Confira dez ensinamentos de “Como se relacionar bem usando comunicação não violenta”, de Thomas D’Ansembourg. O livro destaca como é fundamental termos consciência das nossas necessidades para aprendermos a conviver com o outro com menos julgamento
Uma rápida passagem por redes sociais ou por comentários de leitores em sites de notícias confirmam um nível alarmante de agressividade e desrespeito. Apenas essa percepção validaria uma conversa sobre comunicação não violenta (CNV). A despeito das multitelas, que potencializaram o alcance da hostilidade, é preciso reconhecer essas marcas não apenas nos outros, não apenas numa virtualidade inalcançável, distante, mas em nós mesmos, em nosso cotidiano, em nossas relações mais próximas, independentemente de celulares ou computadores. Ao contrário do que se supõe, a violência também pode ser sutil, gentilmente nos empurrando para o campo do confronto, da tortura silenciosa. Um convite inapelável à resposta na mesma moeda. Mas é possível contornar a situação.

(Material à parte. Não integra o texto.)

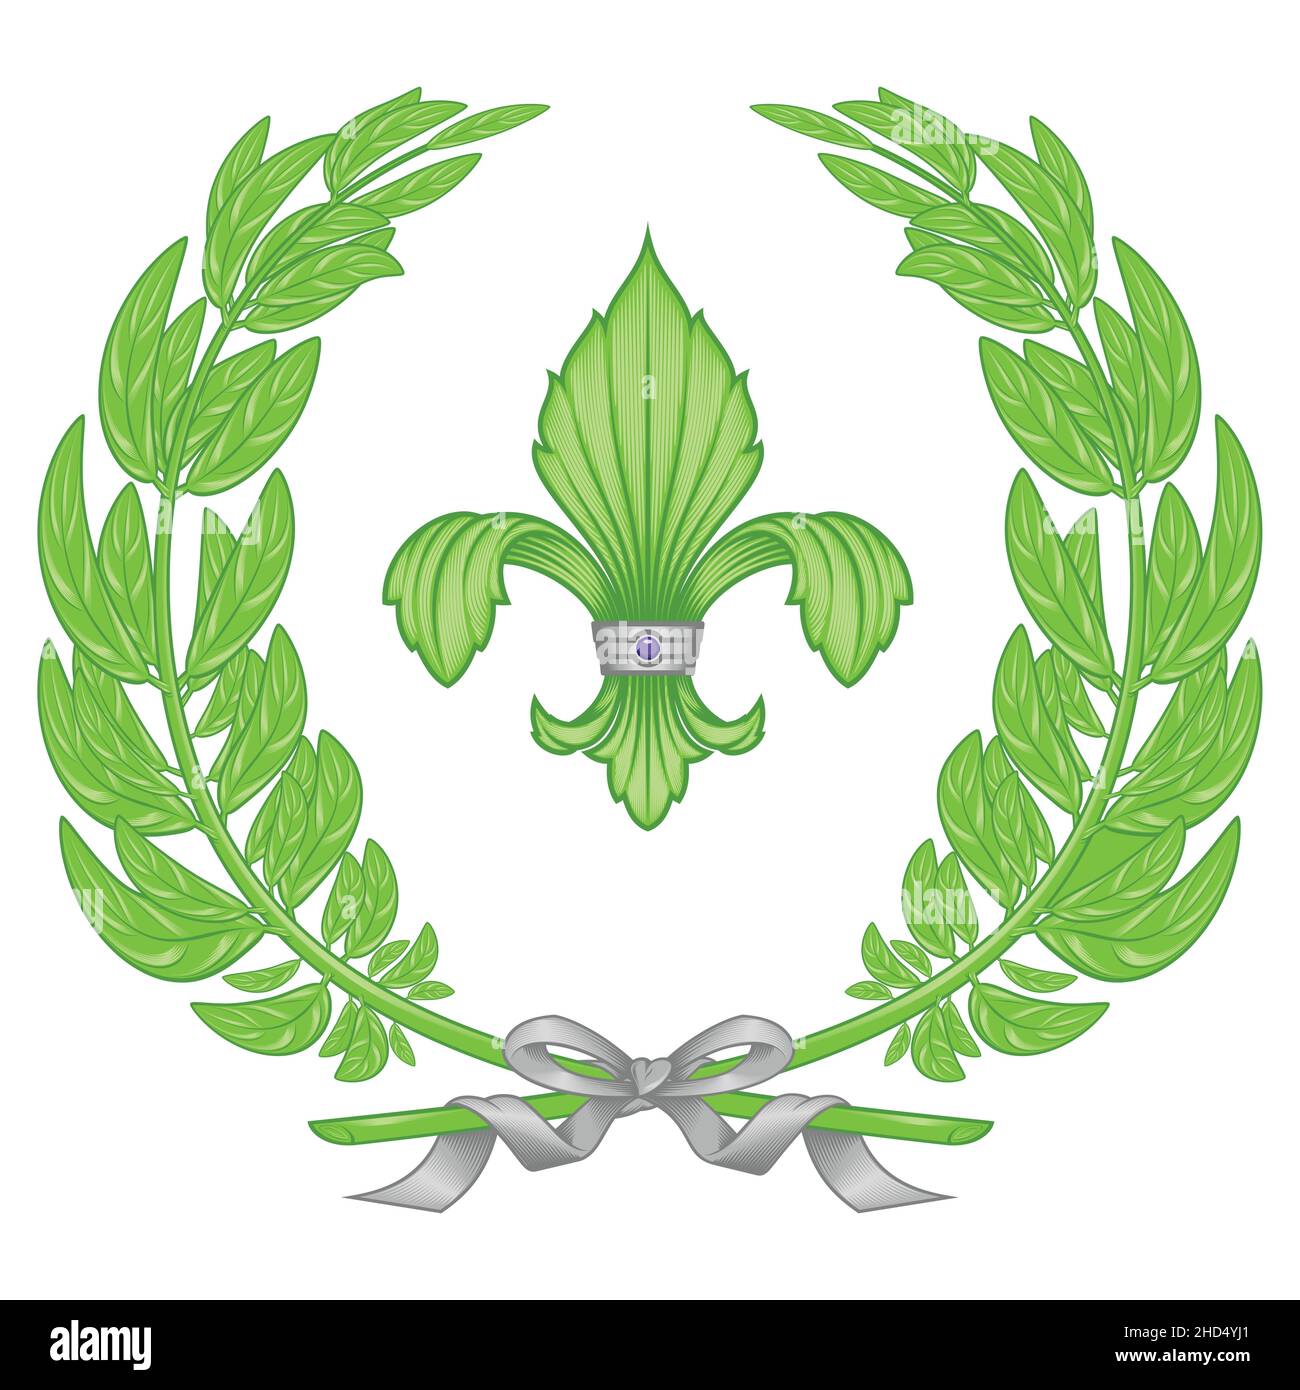 Dessin vectoriel de la fleur de lis avec couronne de Laurier, représentation de la fleur de lis, symbole utilisé dans l'héraldique médiévale Illustration de Vecteur
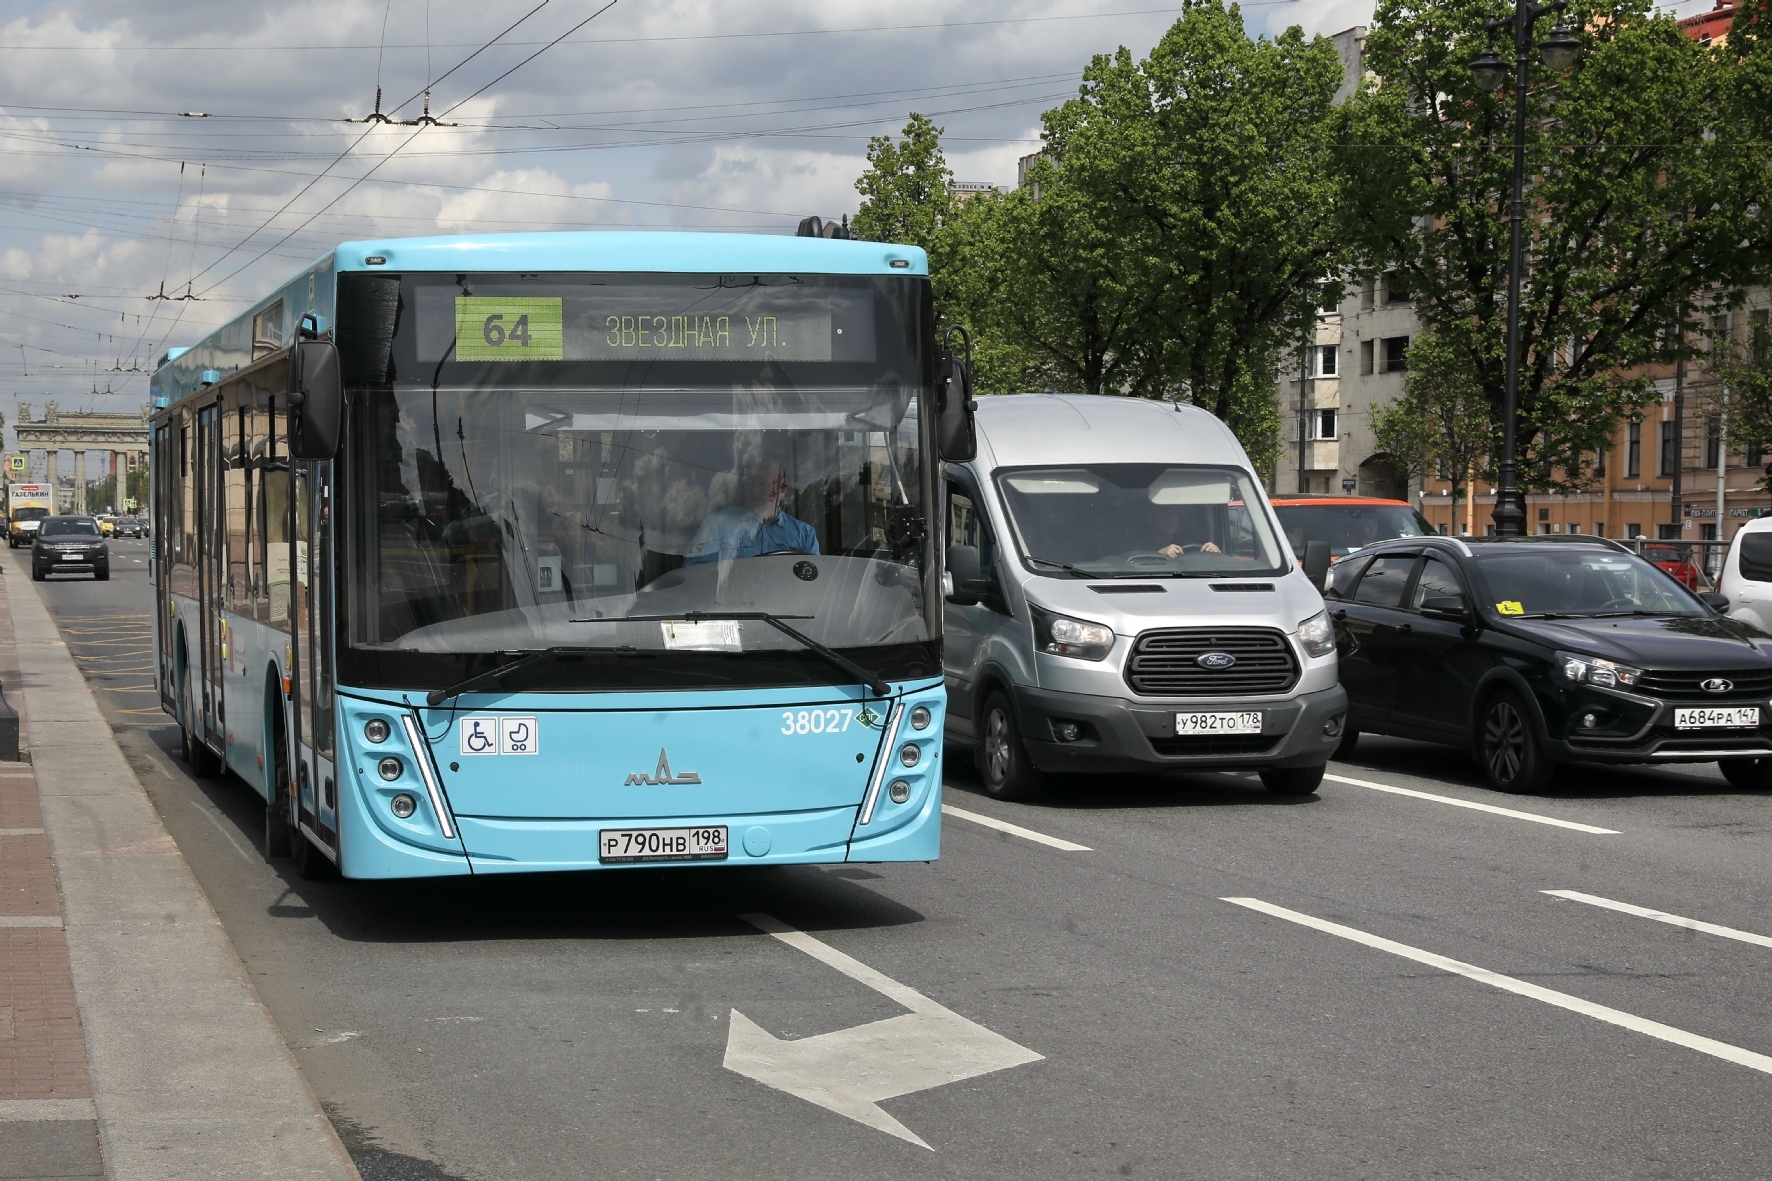 Фото: Транспортная реформа в Петербурге столкнулась с технической проблемой

Diante das palavras e gestos de brutalidade, a comunicação não violenta prega a honestidade com polidez por meio de uma mudança de vocabulário e de olhar sobre o outro. Nada tem a ver com passividade, mas com inteligência emocional, consciência e controle sobre o que se diz e o que se faz. Para entender melhor o assunto, vamos listar alguns ensinamentos contidos no livro “Como se relacionar bem usando comunicação não violenta”, escrito por Thomas D’Ansembourg. O tema voltará ao blog em breve, quando comentarmos o lançamento de “Vivendo a comunicação não violenta”, de Marshall Rosenberg, psicólogo americano que cunhou o termo.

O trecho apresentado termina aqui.